At last, the bottle emptied, the fire's embers on the wane, you took that as your cue to depart. By now, the champagne had loosened your tongue enough to give me some alarm. You had dropped hints as to missing me, which at first I took as an indication that I had not lived my natural span beyond your own personal era. I could live with that, as we all do. But you'd grown remorseful. A regret that hinted of your own actions that would come to be soon. It was almost a tenderness with which we parted, on your side at least. I sensed a deep guilt in you.
"After you departed, I sat for a long while and considered your appearance and your actions. You are correct that I lack the intelligence to understand even the germ of your great discovery, but I do know you. That had been a goodbye. But why a farewell on that particular evening when you had the ability to visit me at any other point in my lifespan? Once I feared this possibility, I decided to take out an insurance against my suspicions. I still have some chemical skills from my time at Oxford and I put them to good use, lacing the tea. I knew you would drink it -- I would stop you if I was mistaken: claim some excuse to prevent any kind of harmful dose. Then you suddenly clamped us to your chairs. You know the rest."
The Time Traveller had been silent throughout my explanation. I had supposed that he was keen to understand his mistake. But when I stood up, stretching my legs and arching my back after so long sitting at that malign table, I saw that he was dead. I took his hand, still warm, in my grief.

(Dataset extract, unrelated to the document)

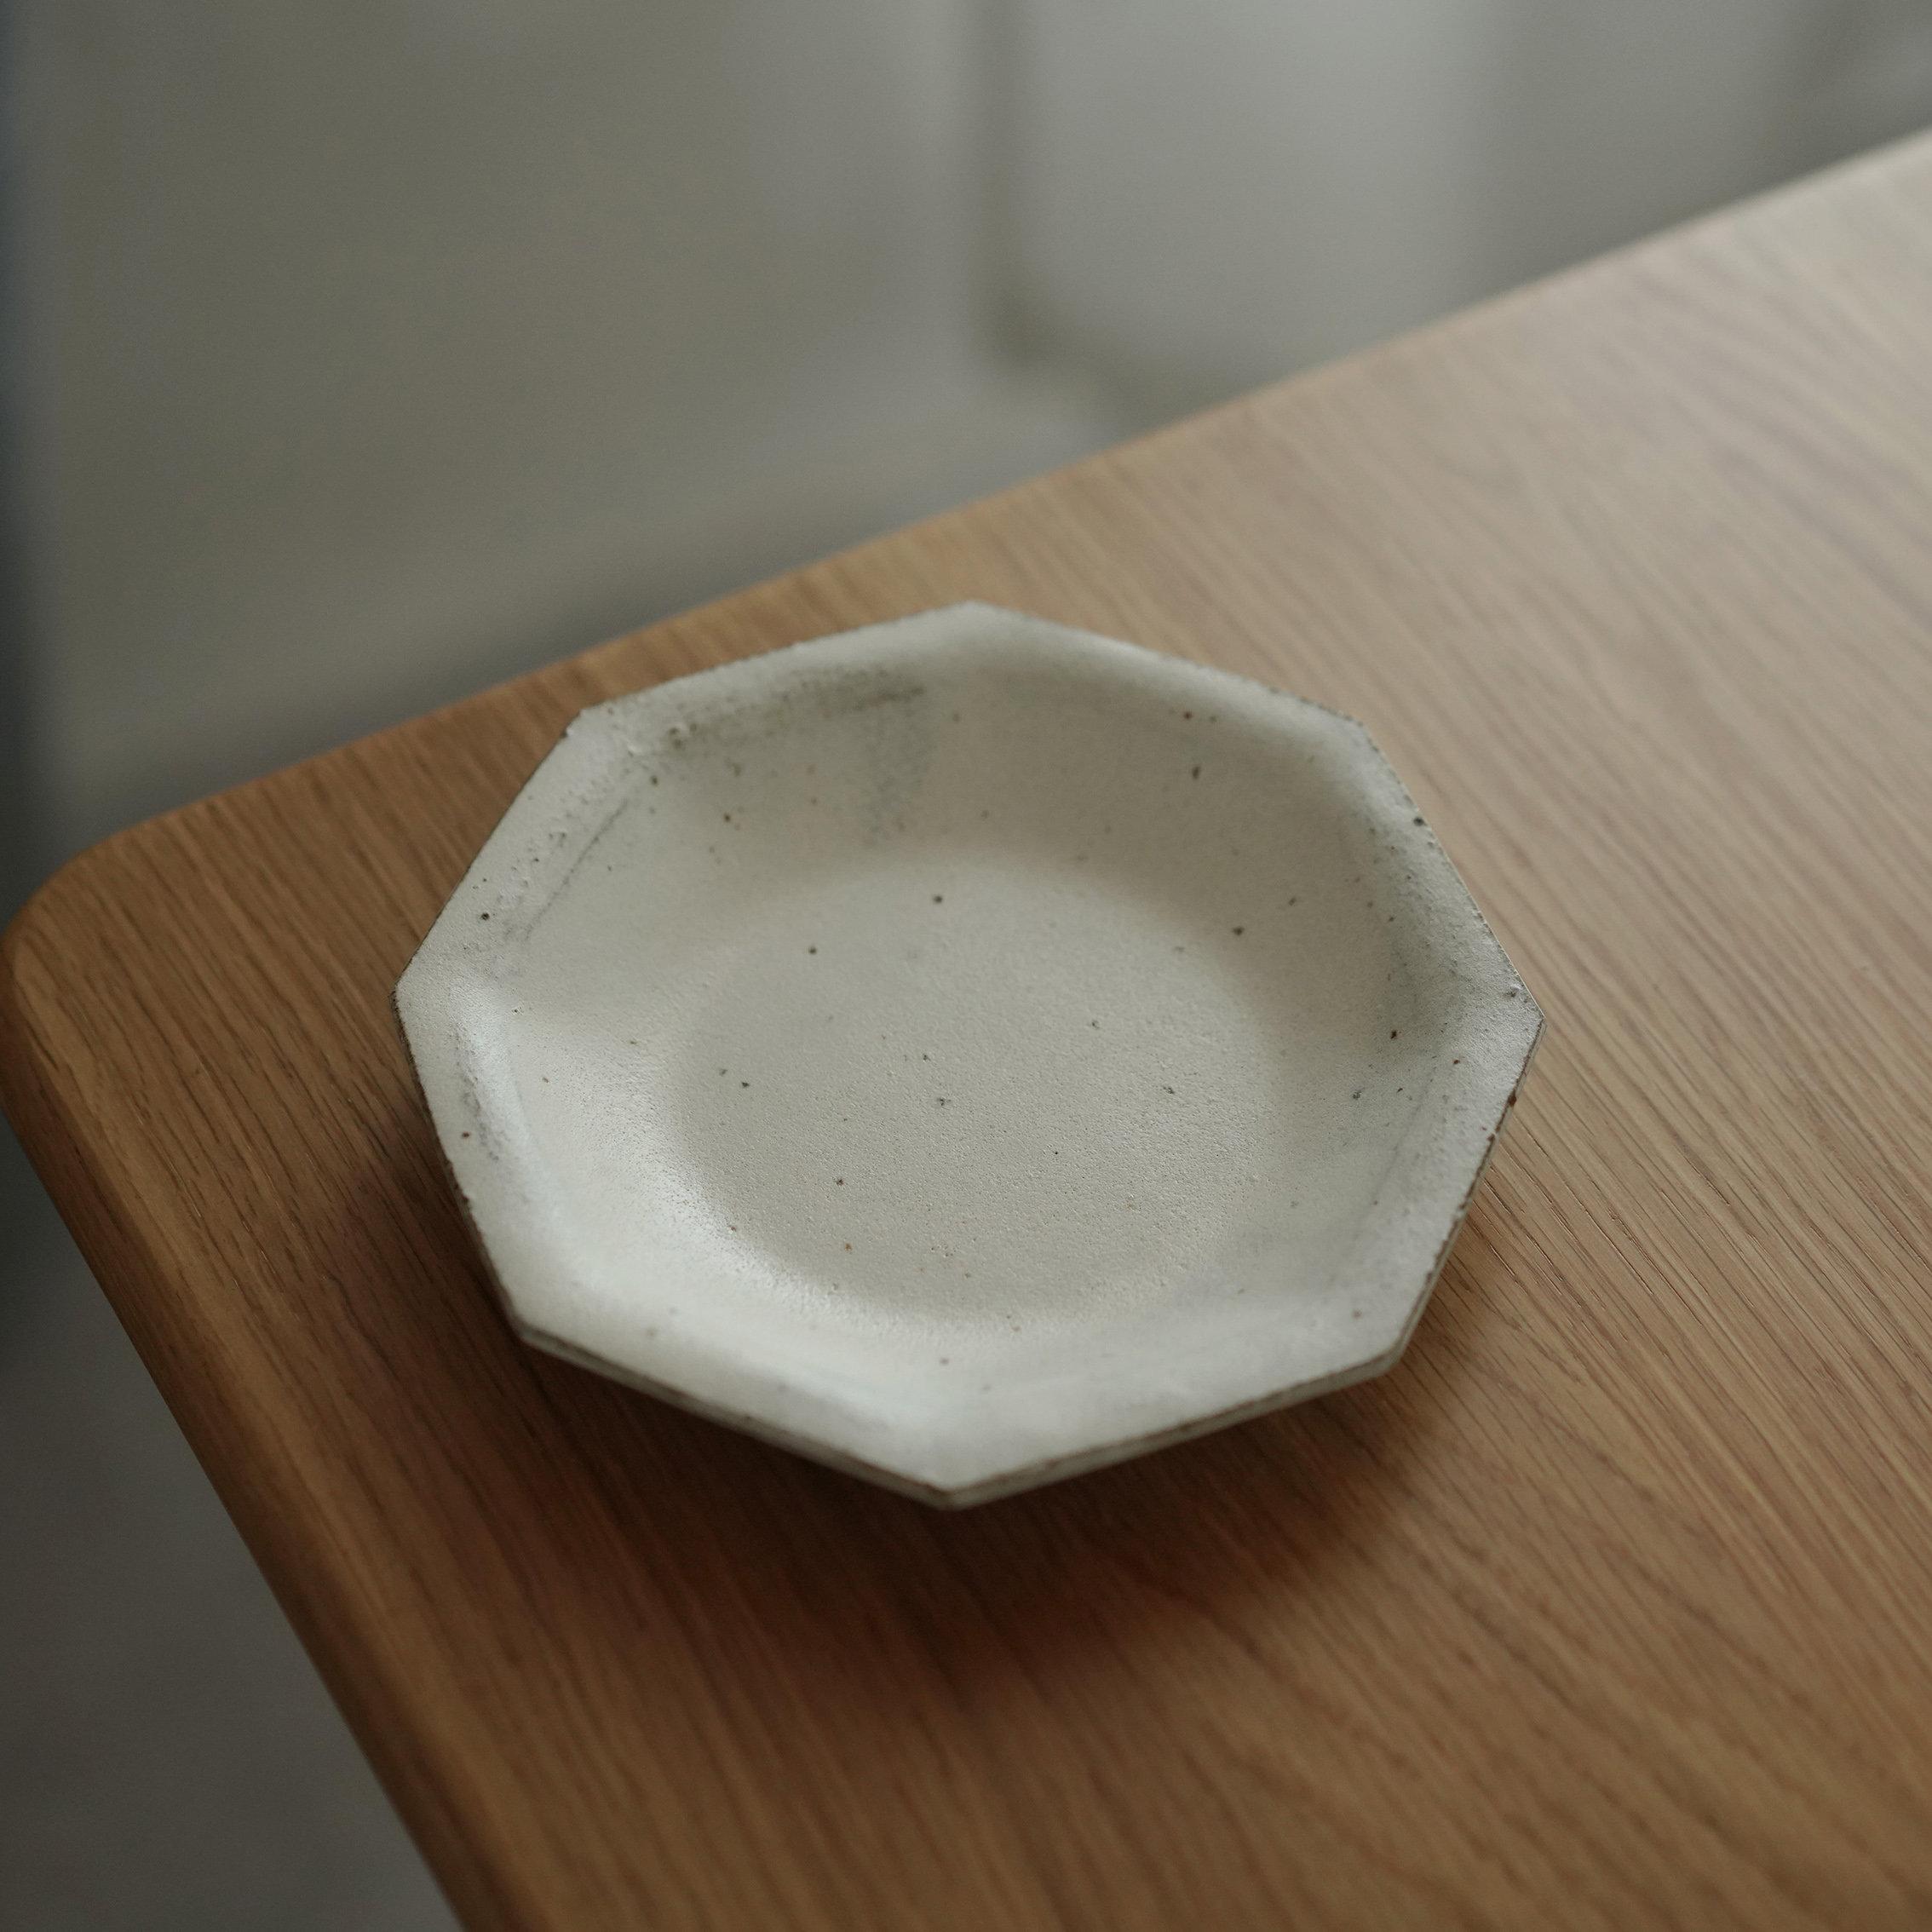 八角の新型の皿の日本の粉はあっさりしていて、清新で、粗陶の器の青塵と夢の手を引いて陶芸の皿の野菜皿を作ります。

I had considered what to do after this, so I wasted no time. An ironic turn of phrase. I pulled his body from his chair -- surprisingly heavy despite his thin frame -- and dragged him up that dread corridor into his laboratory.

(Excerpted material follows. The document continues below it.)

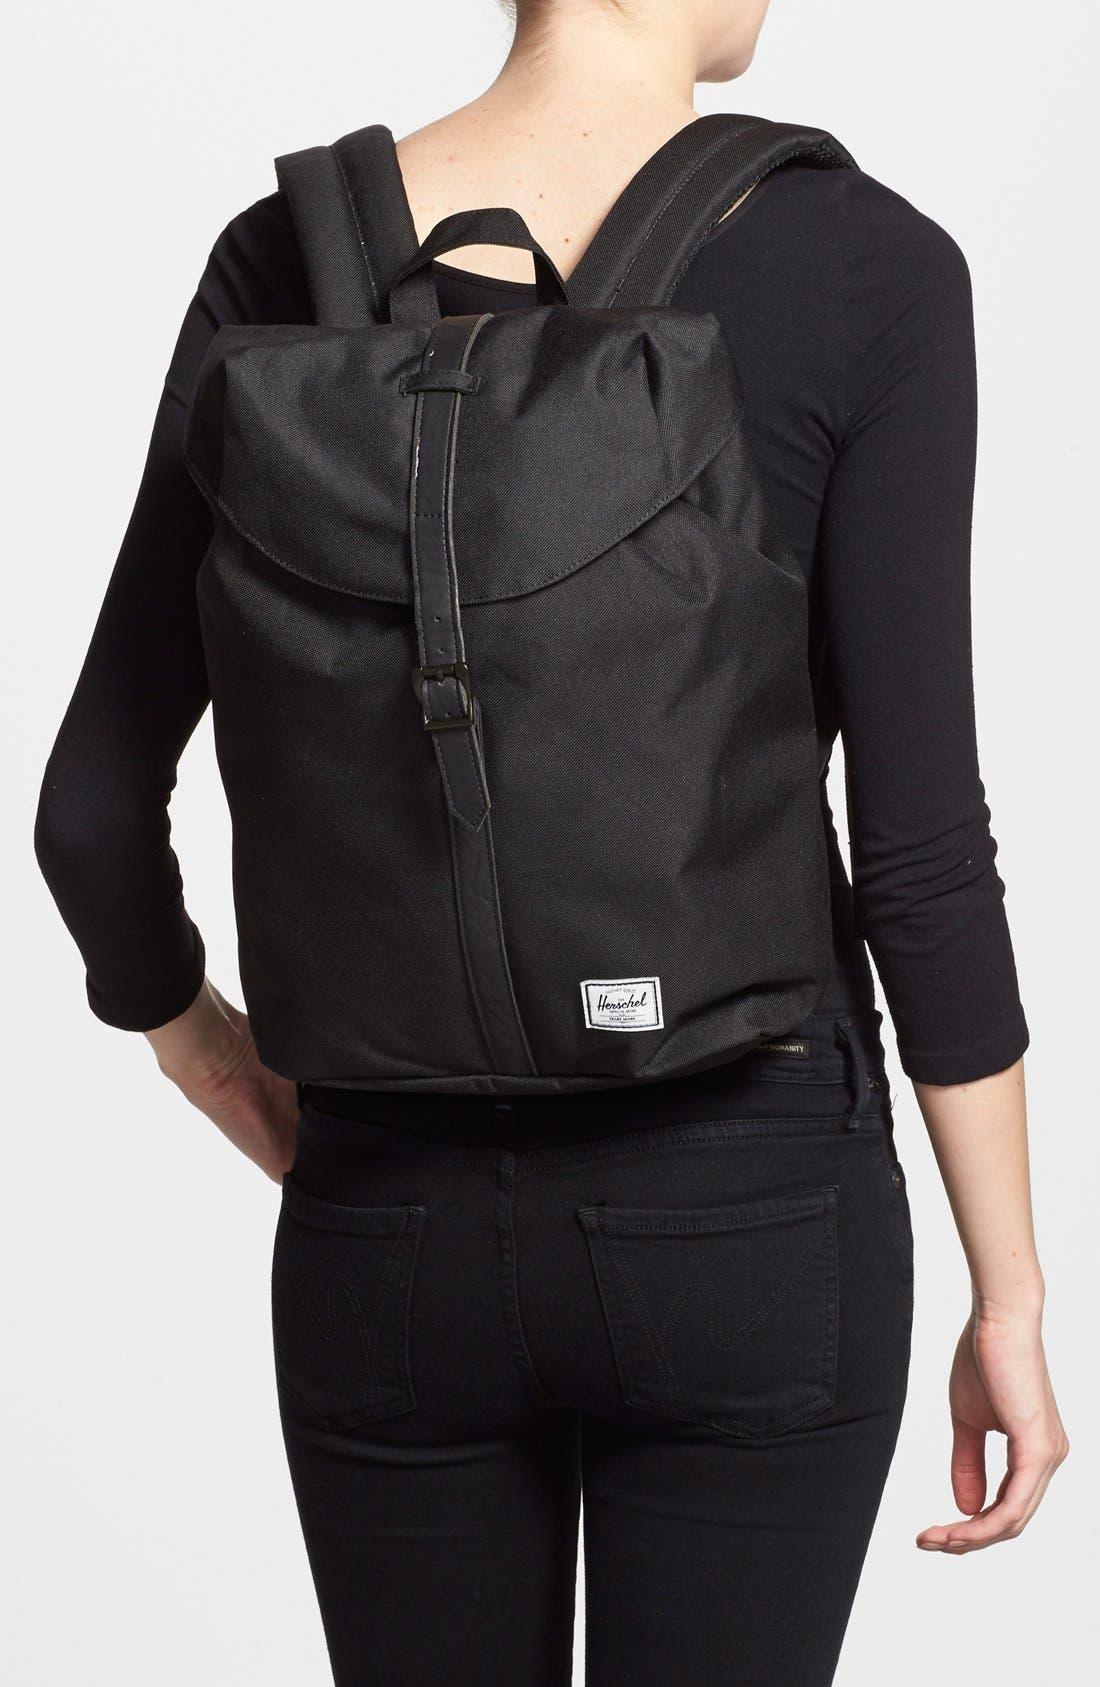 Alternate Image 2  - Herschel Supply Co. 'Post' Backpack (Nordstrom Exclusive)
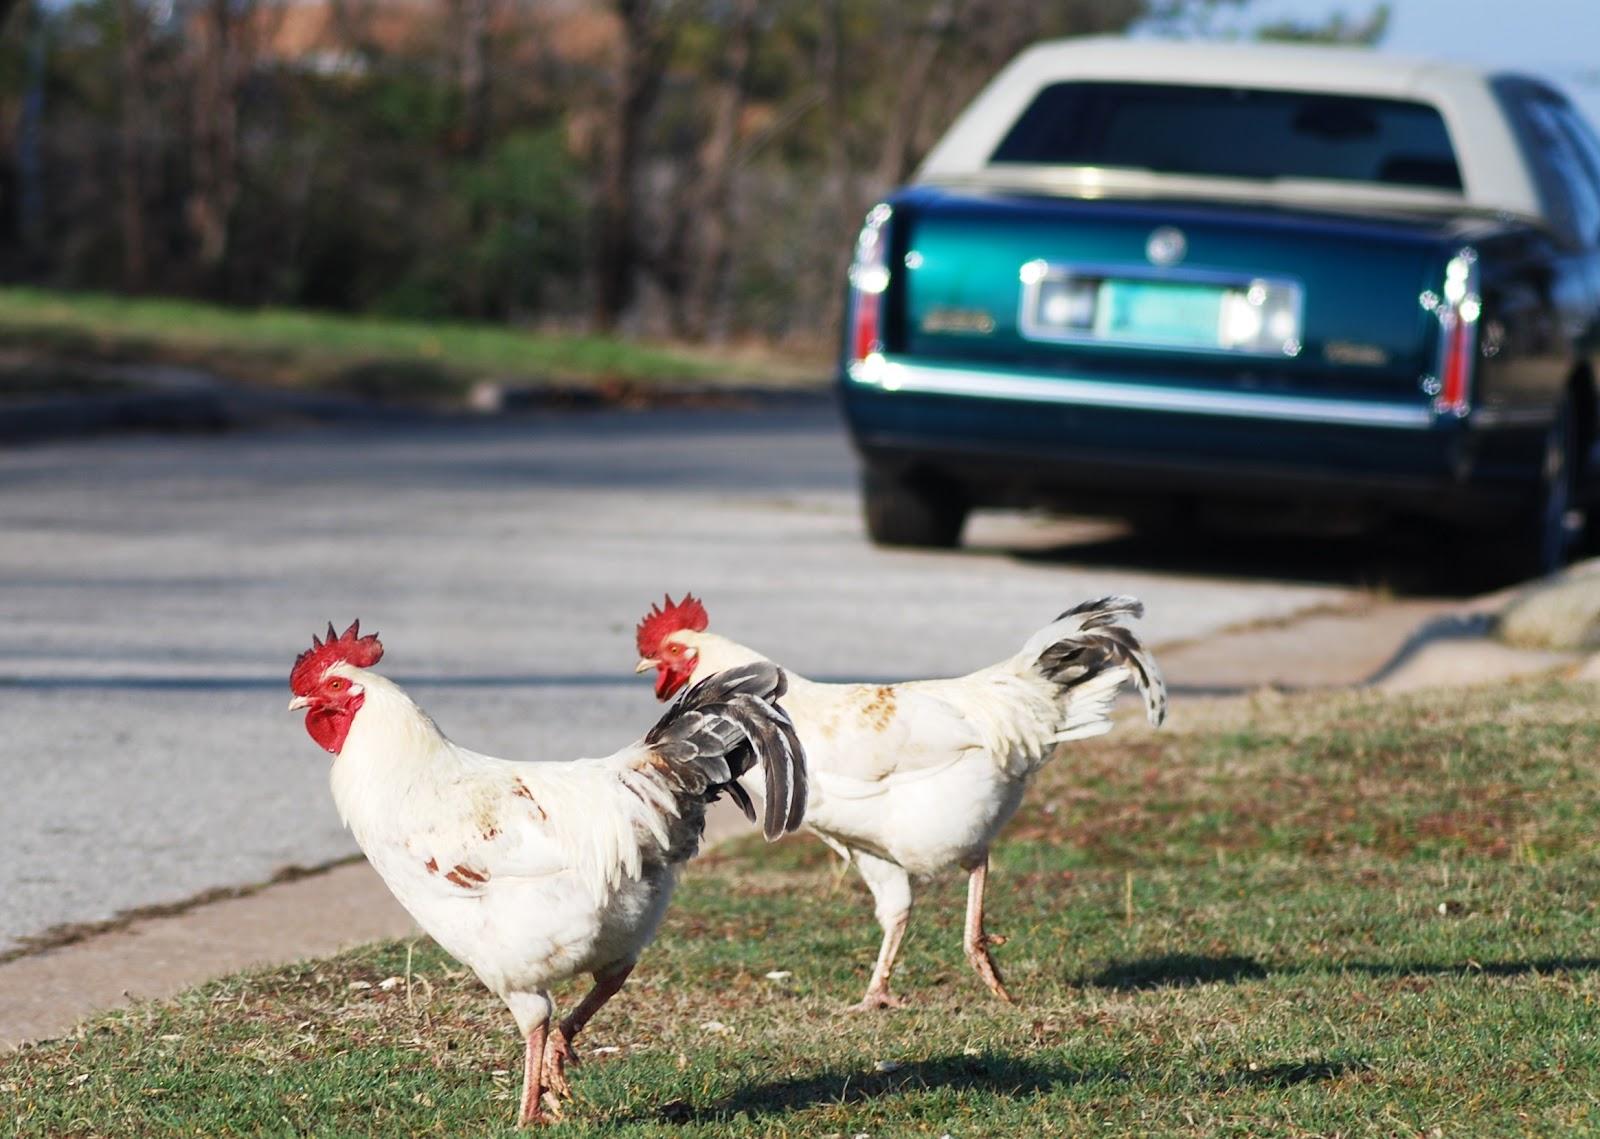 http://2.bp.blogspot.com/-19UTm20KPXg/T0FGkX6I3AI/AAAAAAAAI3Y/rCtzFfAr_ks/s1600/Urban+Chickens.jpg

The object of our troubles sat squat in the centre of the room. I recalled the Time Traveller's explanation of its operation. I planned to heft his body over the saddle, then slam one of the levers down as hard as possible. It would carry him away, along with the evidence of his death. He would travel into a future or past era for as long as the power source of his machine would allow. Either way, he would be gone forever.
As I approached the machine, regretting that my poison had not worked earlier and saved the lives of my dinner companions, I had a further thought. Dare I do it?
The Time Traveller had revealed the key moments that had led to his despair and mental anguish. If I could adjust those events and steer his fragile psyche away from taking such terrible paths, it could be possible to change what had happened to him. Perhaps alter these events and rescue his victims from their fate.
I had to admit that the idea appealed to me. My encounter with the old and regretful Time Traveller the previous week had reminded me of his original noble aspirations before life dealt him those hard knocks from which he had not recovered. His incontestable genius deserved more: a chance, as his ambition had once been, to explore man's glorious destiny far beyond all of our natural years. And the reports of his journeying could inspire us, in the present day, to work hard and in harmony to bring those future times closer.
My mind made up, I mounted the machine. If I was to succeed, there would be a very different Time Traveller known to all. Instead of this wicked demonstration of mortal failings, the world would become aware of the natural tenderness in the heart of man.